Of course, not everyone is in agreement. One booster is Stephen Zamora, director of the Center for U.S. and Mexican Law. Speaking to the Metropolitan Corporate Council, a law journal, Zamora contended recently that NAFTA has had a net positive effect on all three participating countries.

“While unskilled U.S. workers in certain industries experienced a negative impact, many U.S. companies profited from being able to maximize operations and enjoy cost efficiencies by strategically placing parts of their business in each country,” he said.

For many that might not sound like a benefit, but Zamora says that NAFTA has created a degree of economic integration with the United States that has helped keep higher value jobs at home – with home meaning the North American continent.

Sign up for our Nearshore Americas newsletter:

“The increasingly integrated economies of the NAFTA countries helps keep jobs in North America that might otherwise have migrated to Asia or other regions.”

NAFTA’s Tech Connection

At the end of February the New York Times syndicated columnist Thomas L. Friedman wrote an article in which he suggested that Mexico could be a dominant economic power in the 21st century. What struck Friedman most was “the number of tech startups emerging from Mexico’s young population – 50 percent of the country is under 29 – thanks to cheap, open-source innovation tools and cloud computing.”

Thanks to what NAFTA has spawned, too.  Mexico has now inked 44 free-trade agreements, more than any nation in the world, the result being a solid boost to a manufacturing sector that is increasingly reliant on high technology.

But, as we know, Mexico faces some real challenges that trade deals alone can’t solve. When it comes to income disparities, for example, Mexico’s public sector is still struggling to solve the problem.
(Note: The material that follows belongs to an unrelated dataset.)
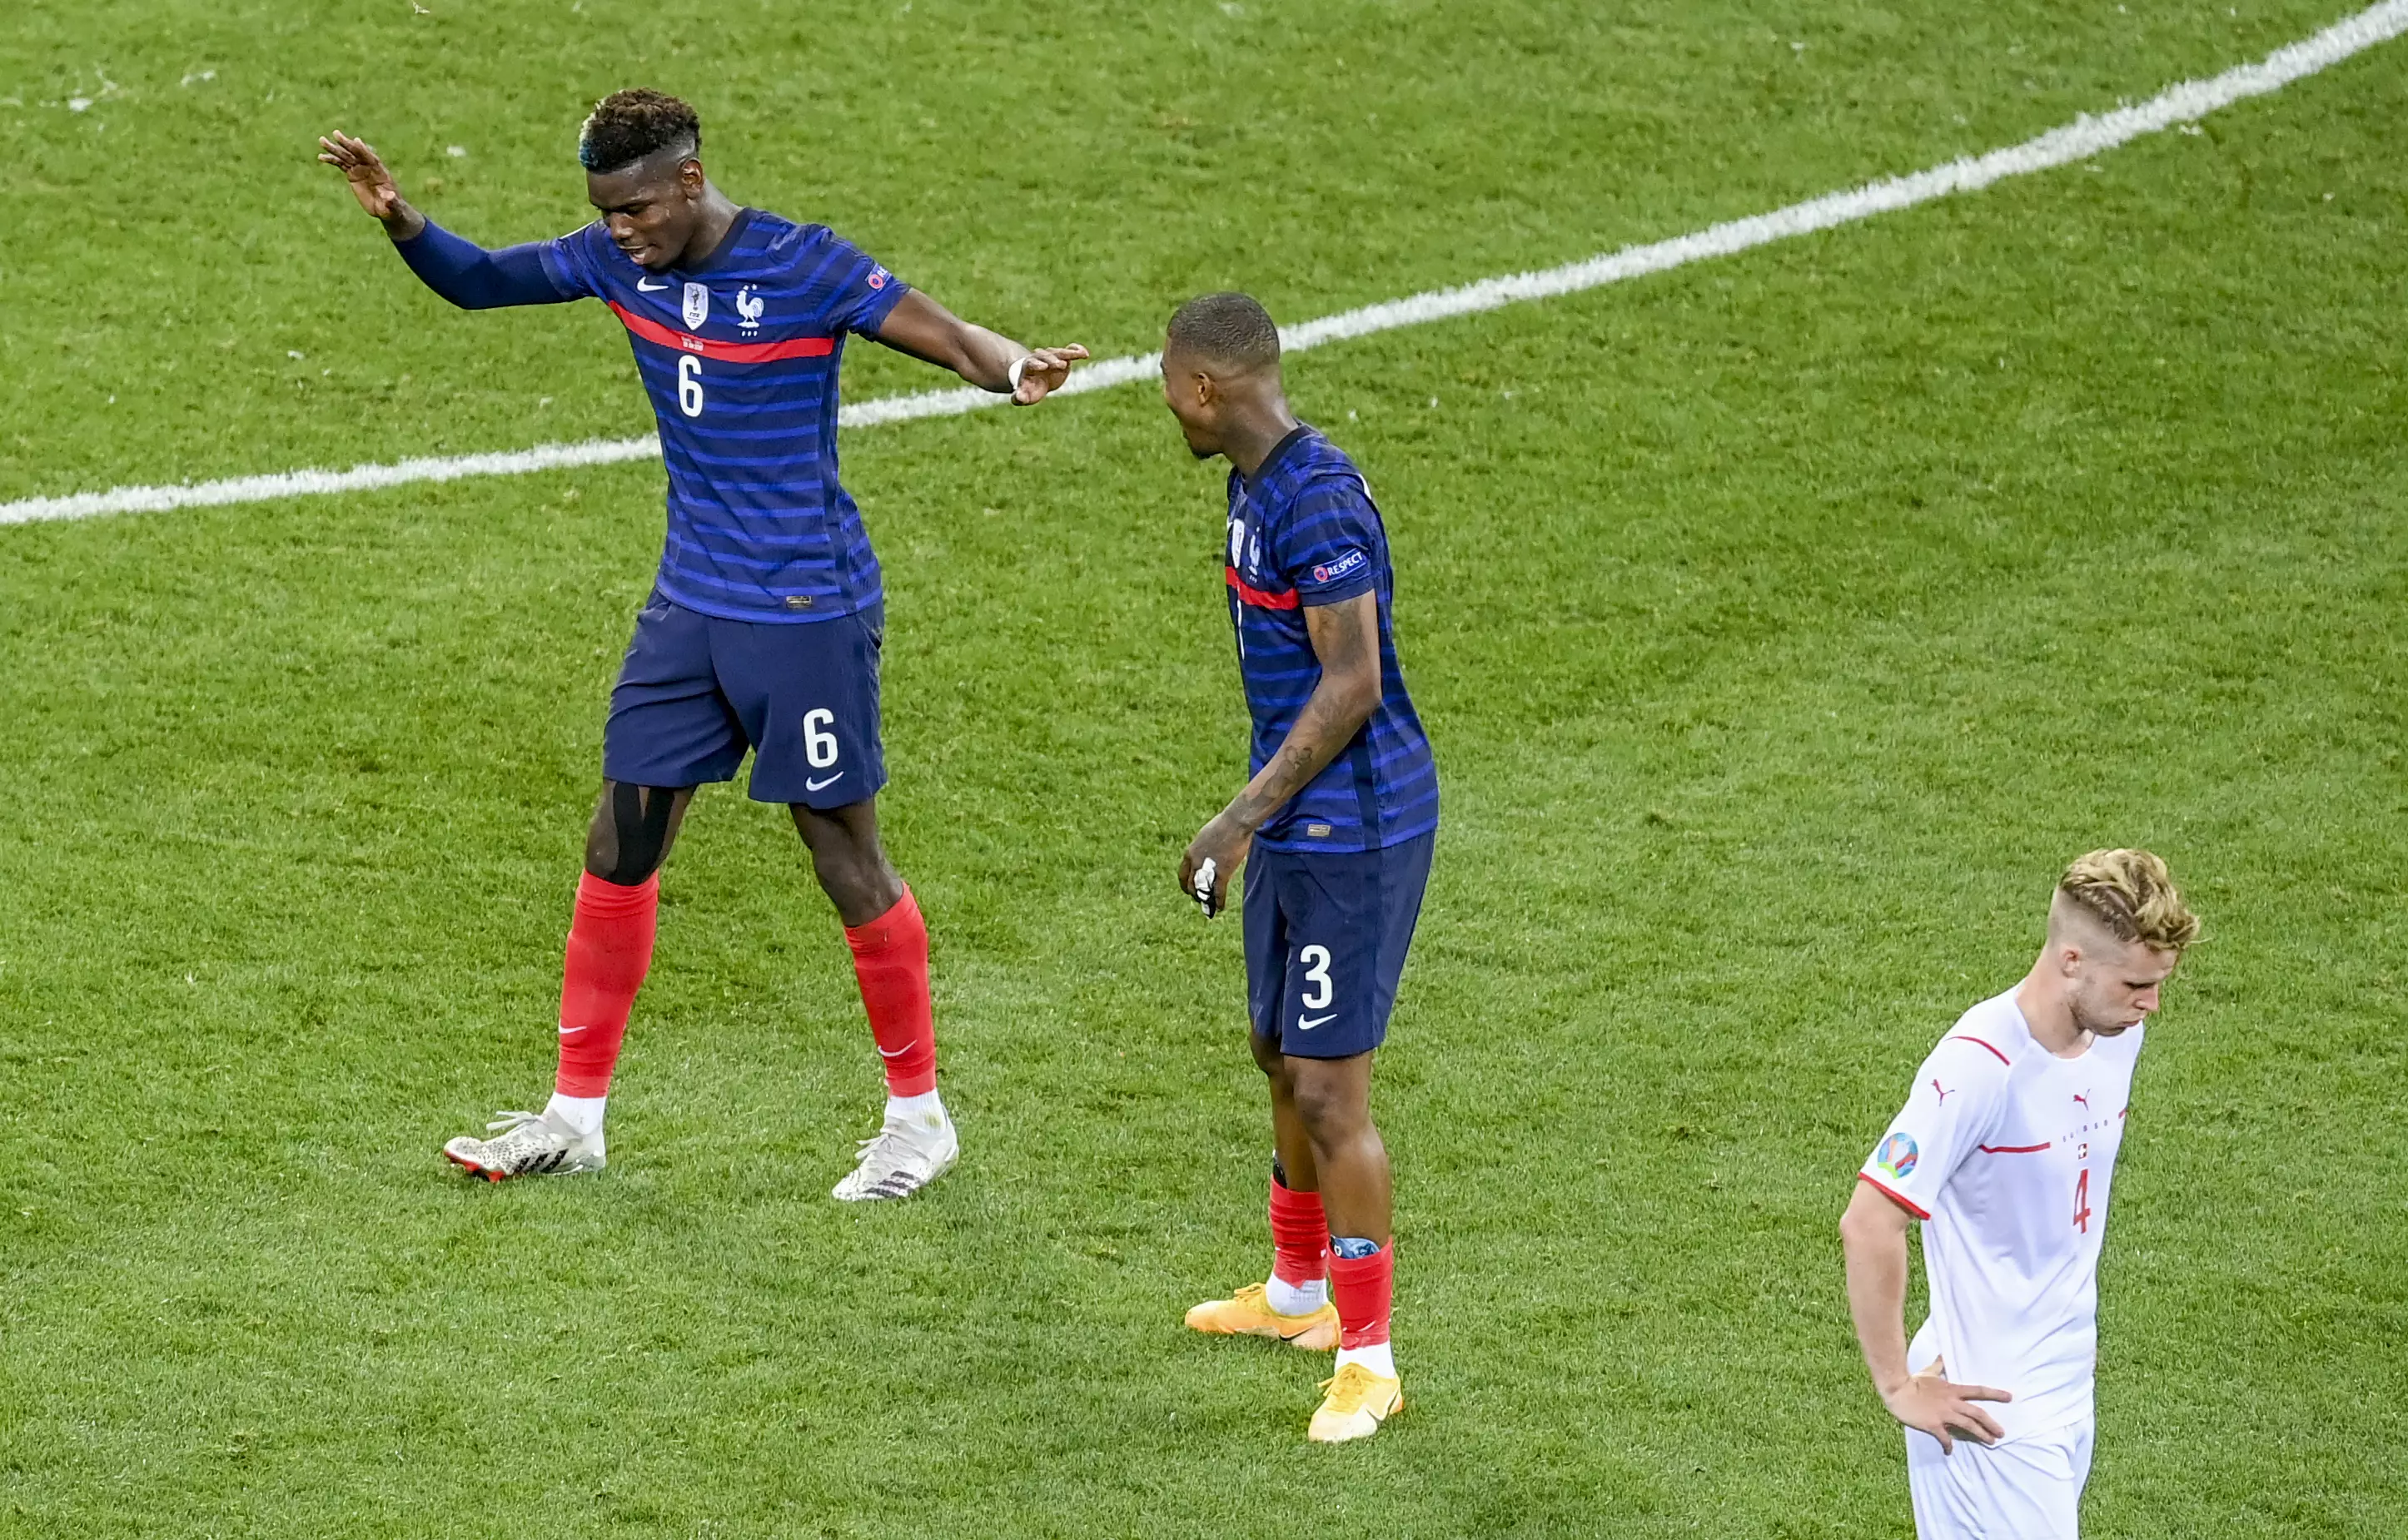 Pogba had an excellent Euros before France were knocked out. Image: PA Images

In his report to the US Congress, Villarreal said that “most studies suggest that for Mexico to narrow these income disparities, the government needs to invest more in education, innovation and infrastructure, as well as improve the quality of national institutions.”

And Rodrigo Aguilera, an economist who acts as the Latin America editor for The Economist Intelligence Unit, has expressed concern that foreign direct investment in Mexico is at its lowest level relative to GDP since 1993 – the year before NAFTA was signed. The silver lining is that Mexico accounts for almost two-thirds of Latin America’s total exports of manufactured goods, meaning that the domestic economy has traded its way to high levels of internal investment, and used that to boost trade.

Consequently, the biggest story with NAFTA may not been direct foreign investment in technology. Instead, it could be how the trade deal has increased domestic wealth, and how that in turn has resulted in more investment in ICT, such as in the recent example  Mexico’s Televisa media conglomerate announcing $1 billion in capex in 2013, with most of that going directly to ICT.